Optimizing over a Restricted Policy Class in Markov Decision Processes
This addresses the challenge of optimizing policies in complex systems where safe or good policies exist, but it is incremental as it builds on known base policies.
The paper tackles the problem of finding an optimal policy in a Markov decision process when restricted to the convex hull of known base policies, showing it is NP-hard but providing an efficient algorithm under a condition of large overlap in occupancy measures, with running time linear in states and polynomial in base policies.
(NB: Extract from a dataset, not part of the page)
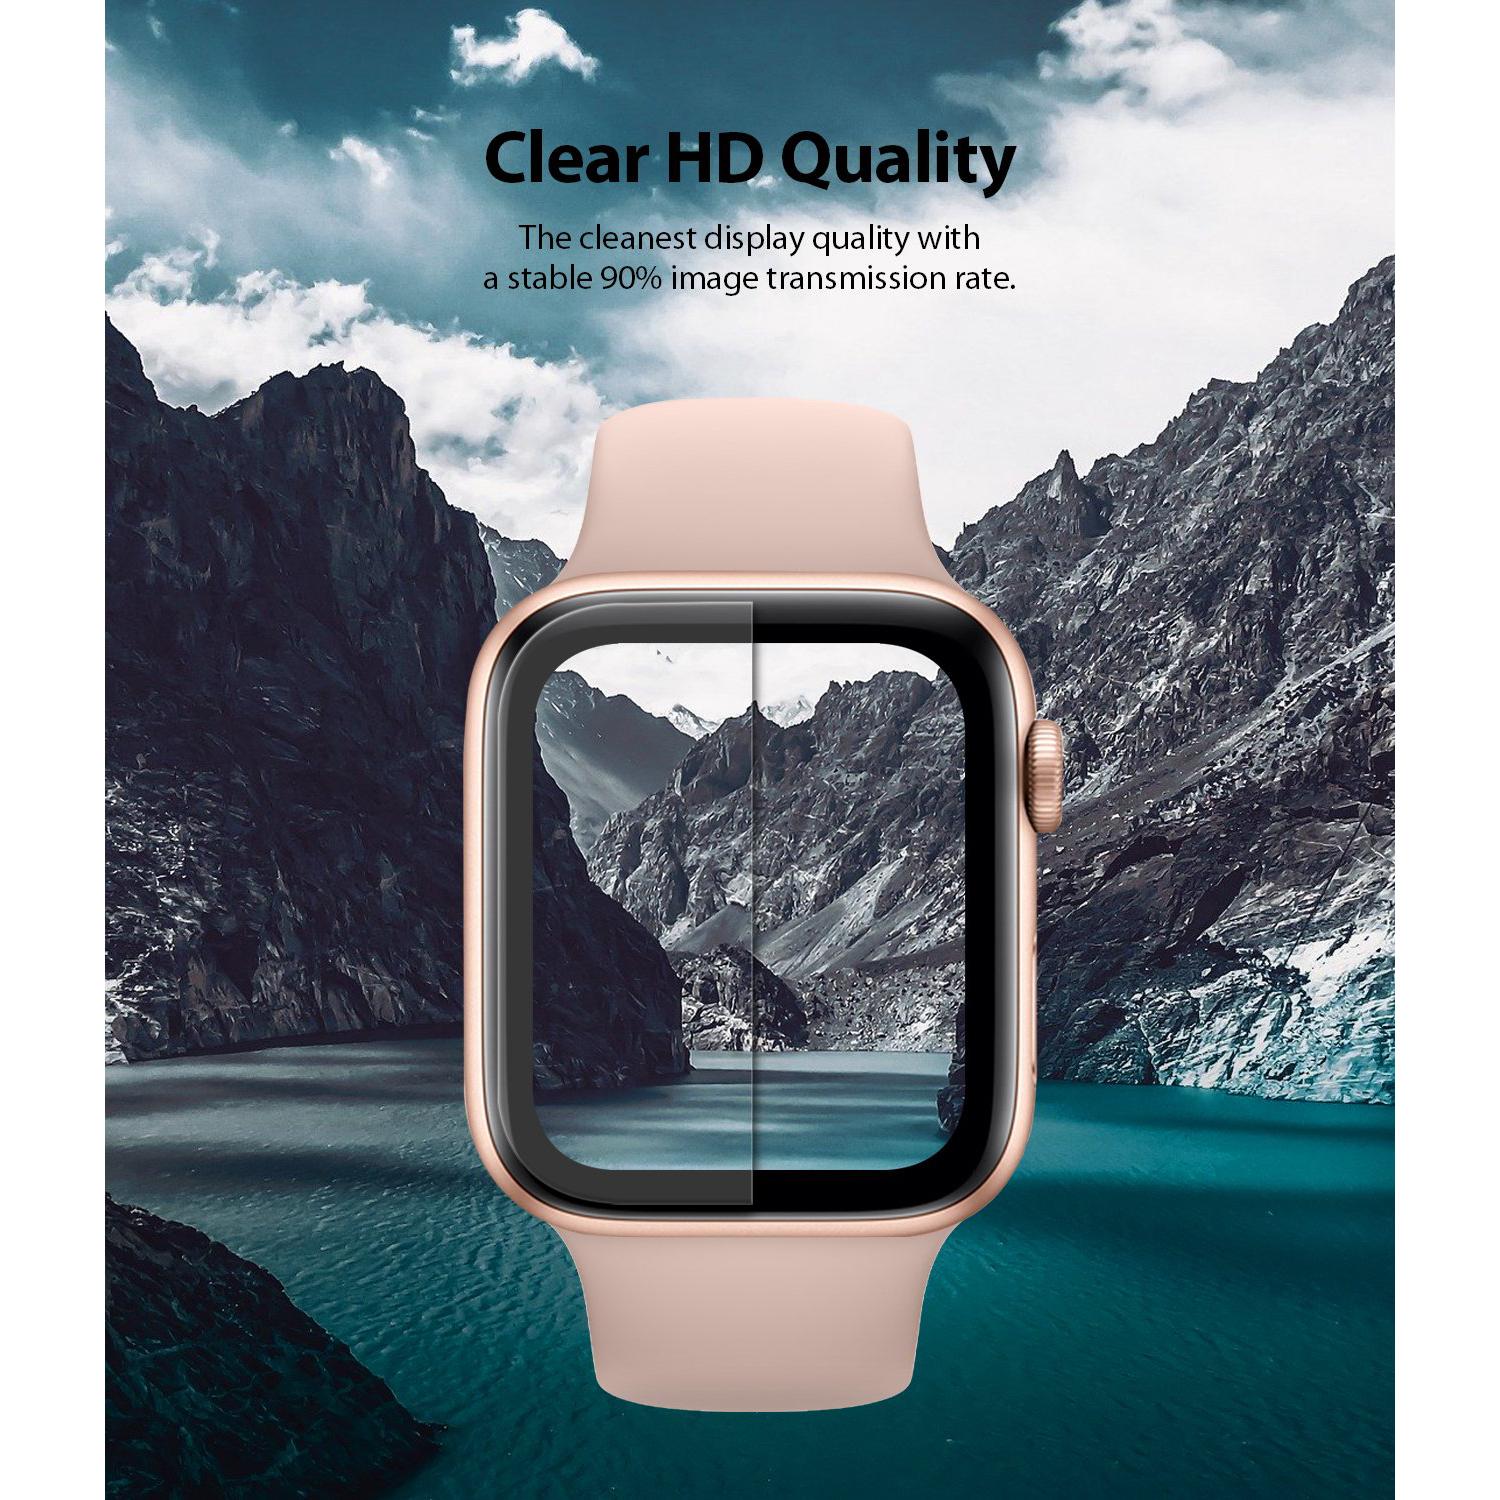 Easy Flex Apple Watch 40/41 mm (3-pack)

We address the problem of finding an optimal policy in a Markov decision process under a restricted policy class defined by the convex hull of a set of base policies. This problem is of great interest in applications in which a number of reasonably good (or safe) policies are already known and we are only interested in optimizing in their convex hull. We show that this problem is NP-hard to solve exactly as well as to approximate to arbitrary accuracy. However, under a condition that is akin to the occupancy measures of the base policies having large overlap, we show that there exists an efficient algorithm that finds a policy that is almost as good as the best convex combination of the base policies. The running time of the proposed algorithm is linear in the number of states and polynomial in the number of base policies. In practice, we demonstrate an efficient implementation for large state problems. Compared to traditional policy gradient methods, the proposed approach has the advantage that, apart from the computation of occupancy measures of some base policies, the iterative method need not interact with the environment during the optimization process. This is especially important in complex systems where estimating the value of a policy can be a time consuming process.